Electrophoretic mobility of representative plasmid DNA isolated from overnight cultures. Plasmid DNA isolated from E. coli transformants using the rapid boiling method  was fractionated on an agarose gel. Because the samples were not treated with RNaseA, RNA appeared at the bottom of the gel. Horizontal arrowheads (<) indicate the plasmid DNA showing size alteration. (A) pAL79 DNA isolated from JM107 transformants. Lane 1, sample containing normal pAL79 plasmid; lane 2, sample containing altered plasmid; lane M, HindIII-digested λphage DNA size markers. SC, supercoiled molecule; OC, open circle (relaxed molecule); SCD, supercoiled dimer molecule. (B) pAL79 DNA isolated from DH10B transformants. Each lane corresponds to a DNA sample isolated from an independent colony. The vertical arrow indicates the sample containing the altered plasmid DNA. Lane M, HindIII-digested λ phage DNA size markers. (C) pUC19 DNA isolated from DH10B transformants.
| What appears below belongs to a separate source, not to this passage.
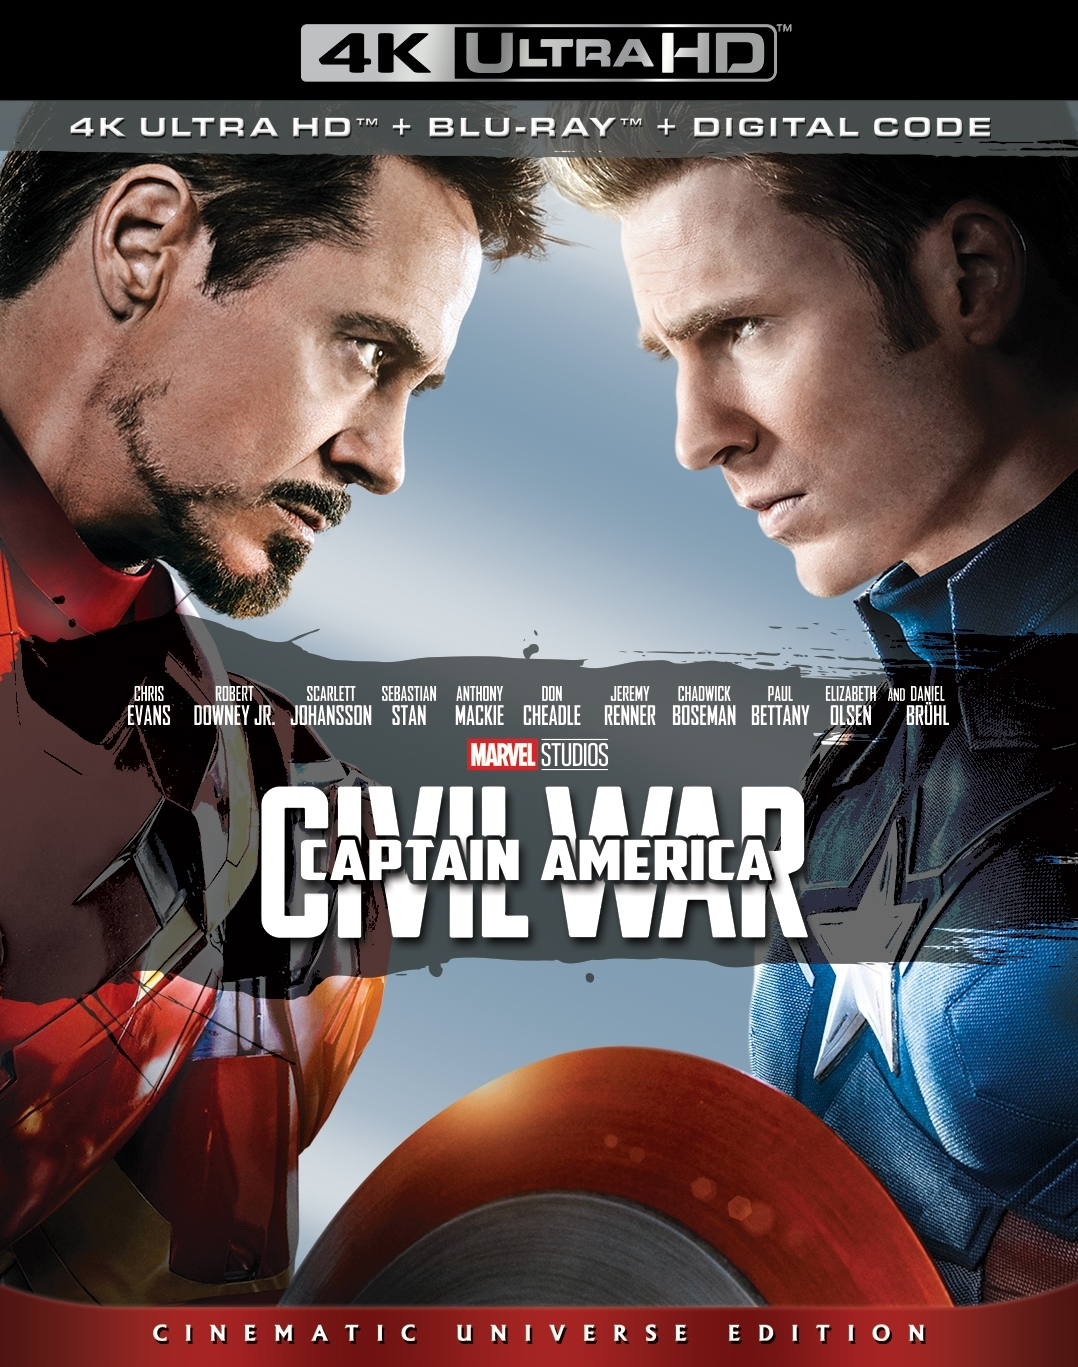 Download Captain America Civil War (2016) 2160p HDR 10bit BluRay
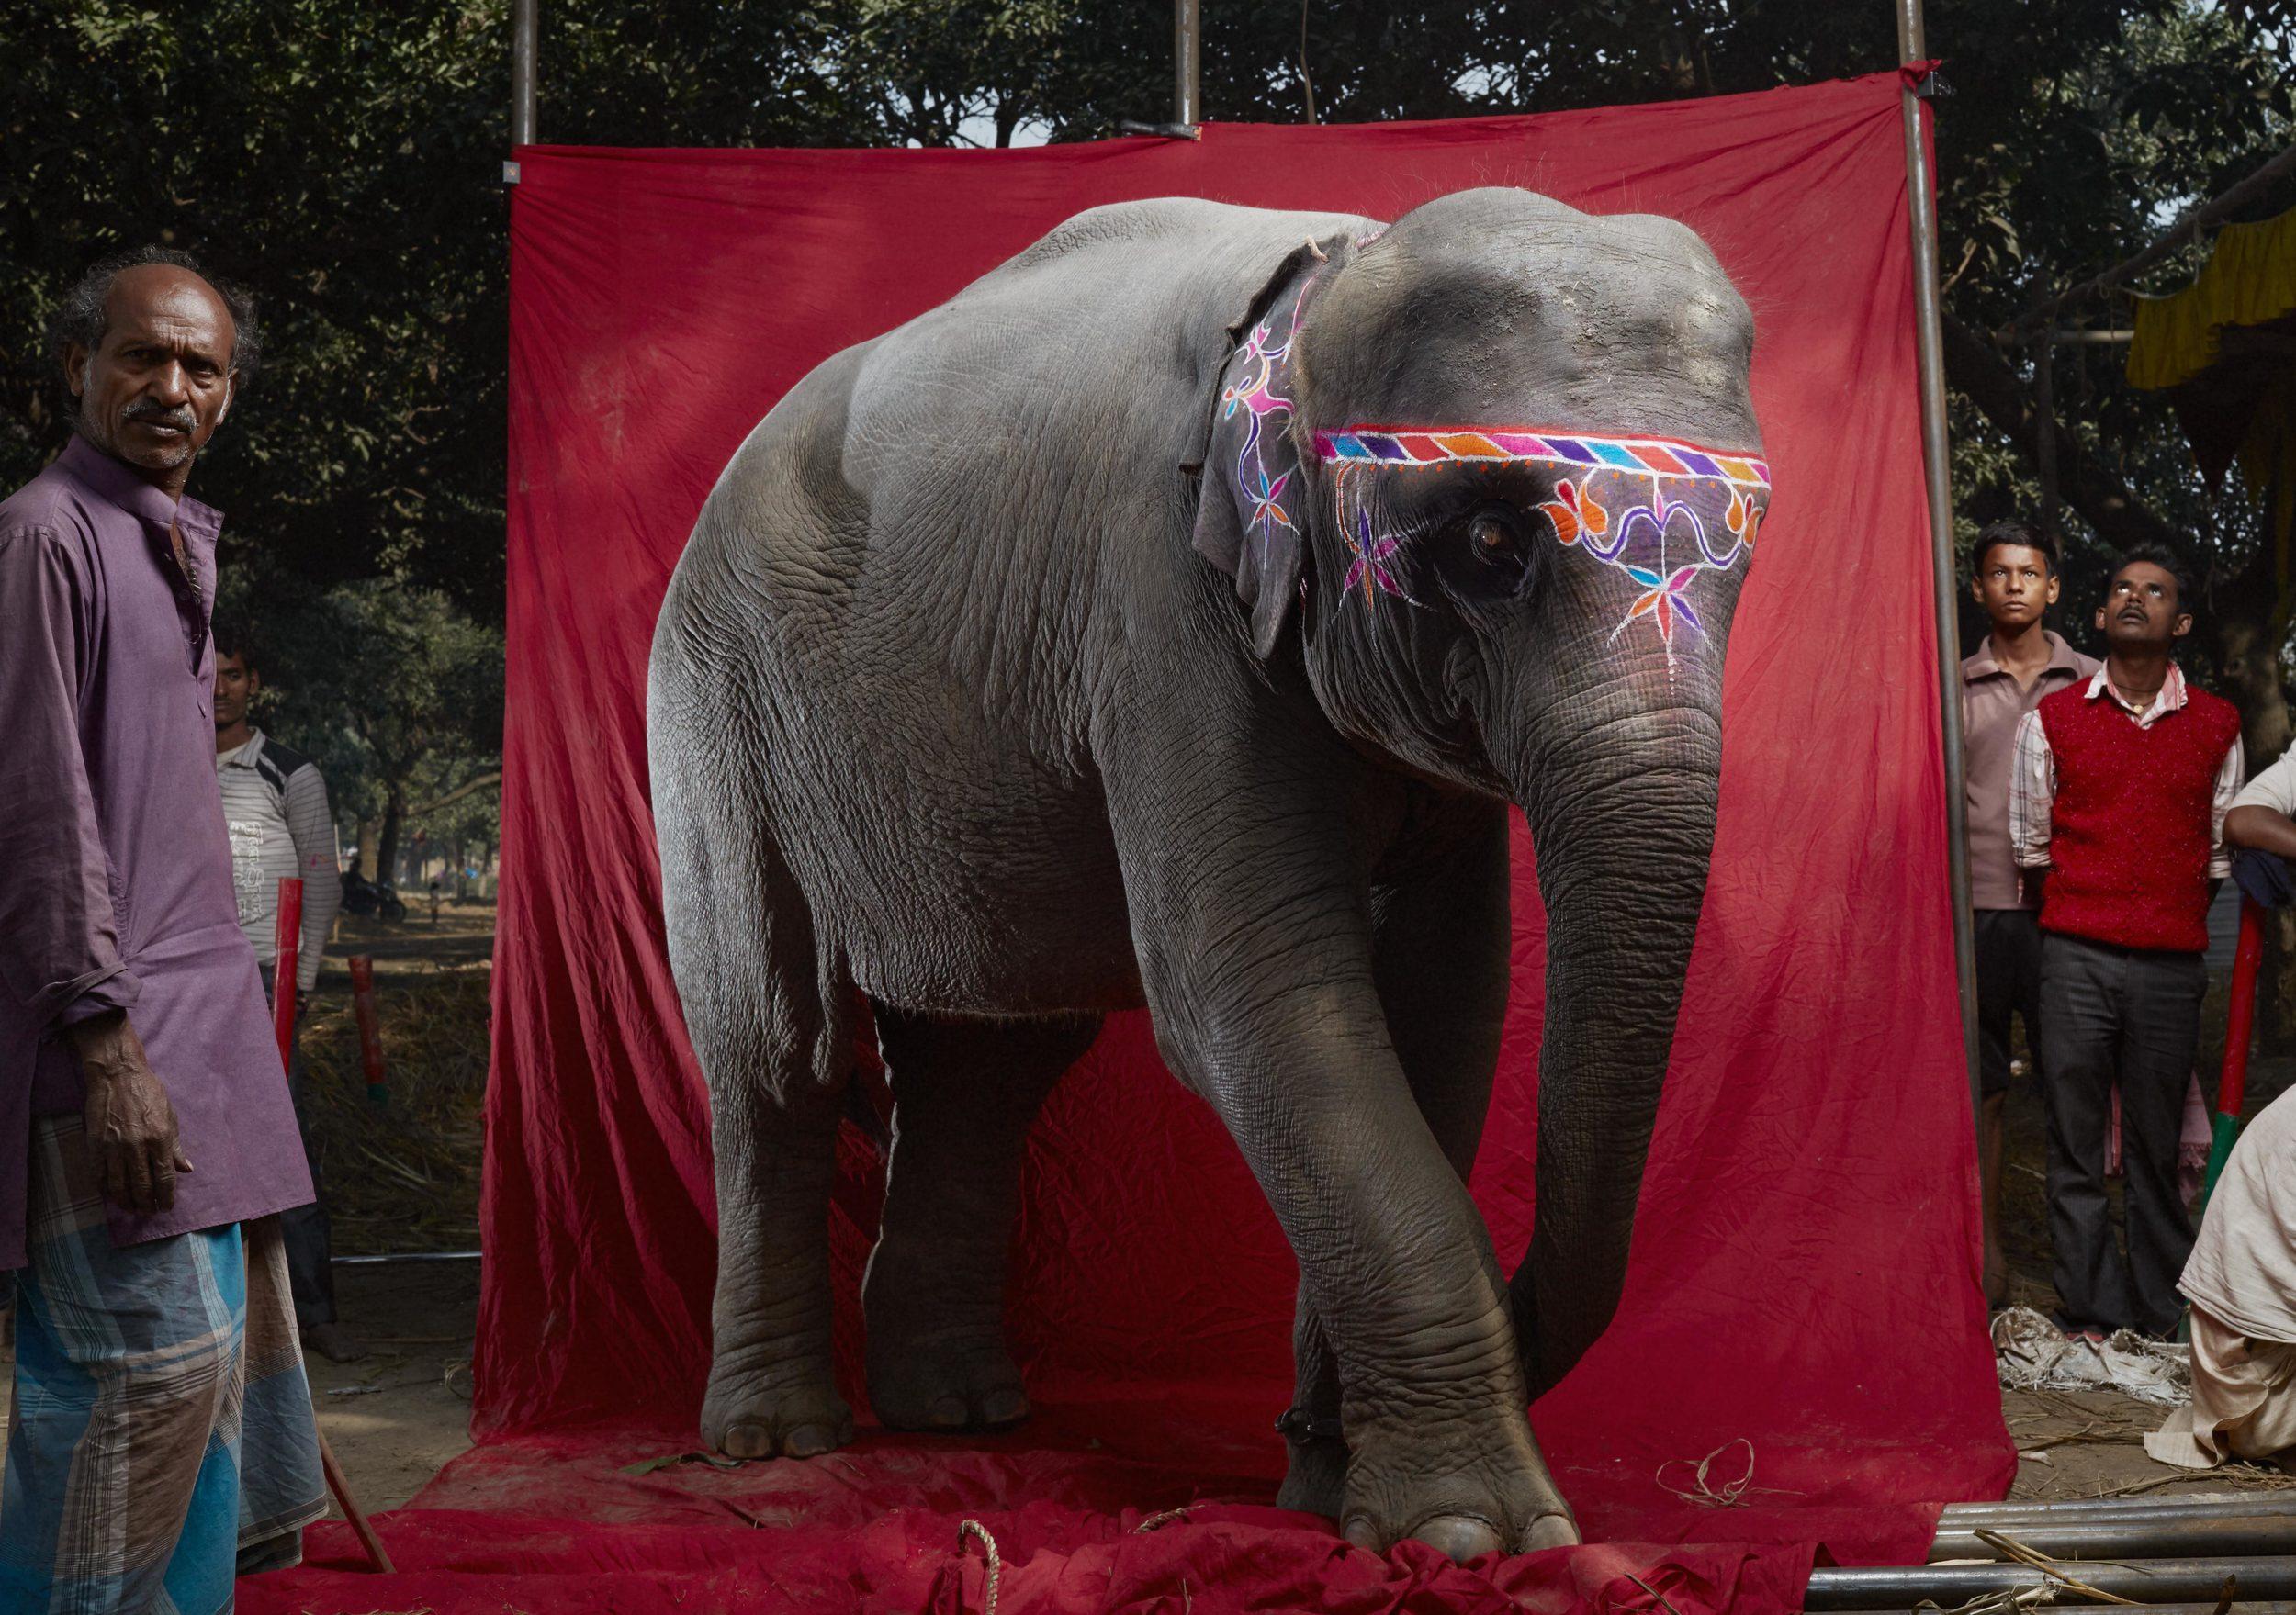 Elephant_5_1_B6C9957.jpg

Lane 1, sample containing normal pUC19 plasmid; lane 2, sample containing altered plasmid; lane M, HindIII-digested λ phage DNA size markers.
Schematic representation of the IS10 target region.(A) Nucleotide sequence of the IS10 target region in pUC19 vector. The integration site (9-bp segment) is indicated by capitals, and two closely located Dra I restriction sites are underlined. (B) Map of the PCRamplified fragments. Horizontal arrows labeled with nucleotide positions indicate the location of the 5’-termini of the PCR primers, and the vertical open arrow indicates the site of IS10 insertion. Thin horizontal lines labeled 1-3 show the PCR-amplified fragments fractionated by native polyacrylamide gel electrophoresis (Fig. 3). (C) Predicted curvature and bendability. The bendability/curvature propensity plots were calculated with the bend.it server  using the DNase I based bendability parameters of Brukner et al.  and the consensus bendability scale . Bendability was plotted in cyan, and the predicted curvature was plotted in magenta.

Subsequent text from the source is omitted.